2\. This is the App-style notation. Notice how 'count' is used to indicate
quantity not 'int'. You can see all app-style suffixes listed in the article.

3\. I'm not the only one to come to these conclusions. From the Wikipedia
article you provided:

* Steve McConnell: "... the basic idea of standardizing on terse, precise abbreviations continues to have value.

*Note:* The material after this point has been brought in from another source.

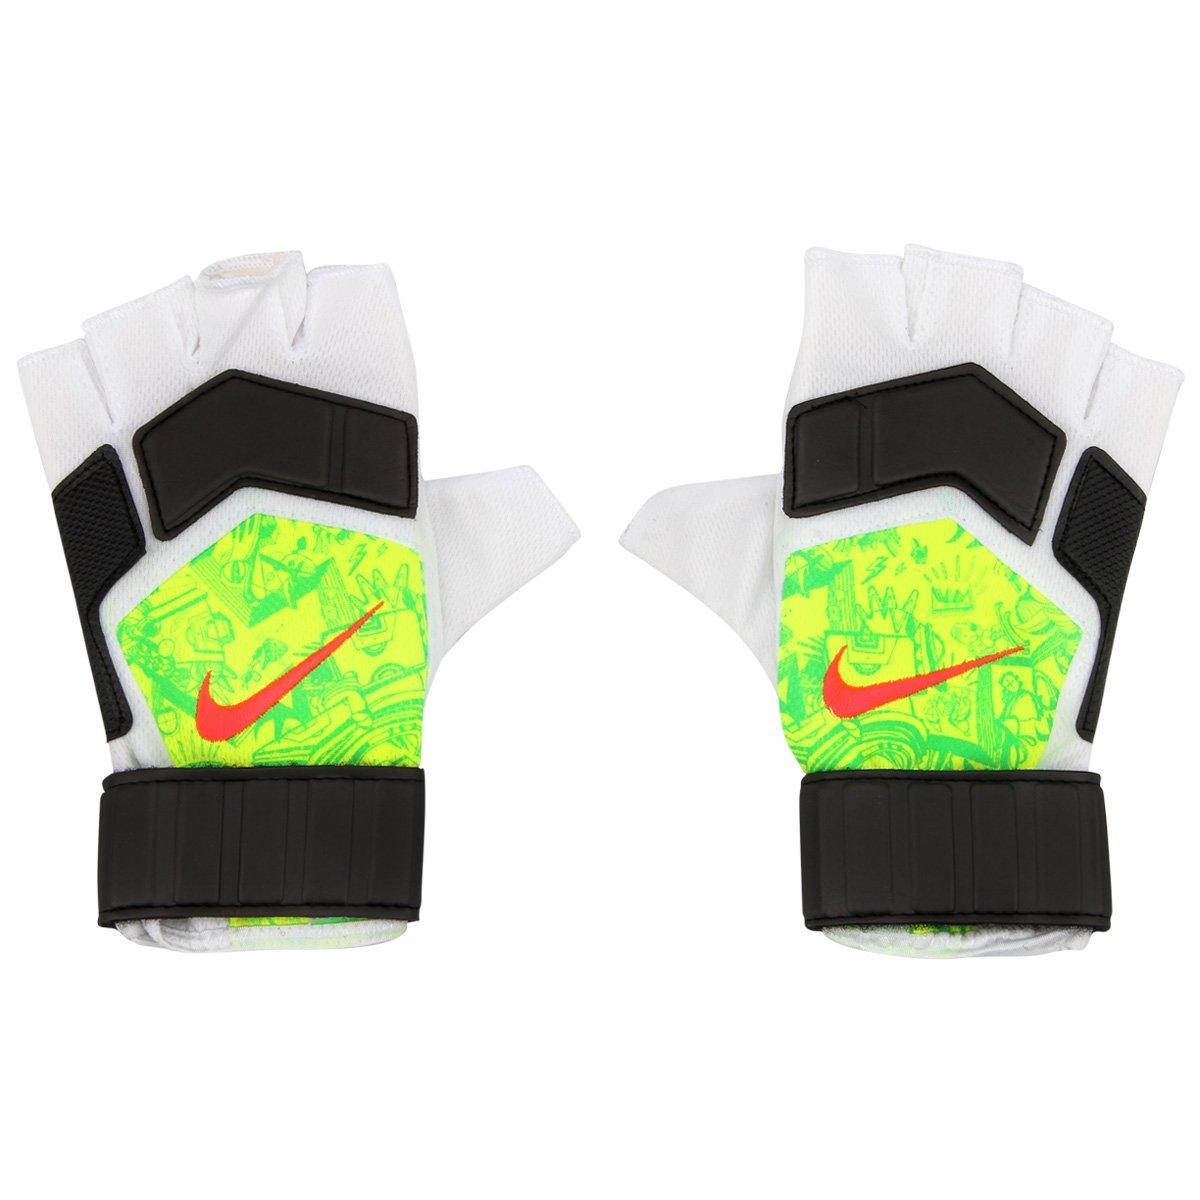 Luva Nike 5 Futsal - Compre Agora  52ef811074da6

Standardized prefixes allow you to check types accurately ..."

* Bjarne Stroustrup: "... a technique that can be useful in untyped languages ... [like JS]"

* Joel Spolsky: "... There's still a tremendous amount of value to Apps Hungarian, in that it increases collocation in code, which makes the code easier to read, write, debug and maintain, and, most importantly, it makes wrong code look wrong..."

4\. this is a sensible, simple, and very light-weight approach to resolve a
real problem that is especially pronounced with JS. It has been use for over a
decade to manage code and teams and it works very well.

What naming convention do you instead suggest for JS?

------
WhitneyLand
It’s interesting to think about and tinker with maybe, but I don’t see the
merit to using this for real life projects.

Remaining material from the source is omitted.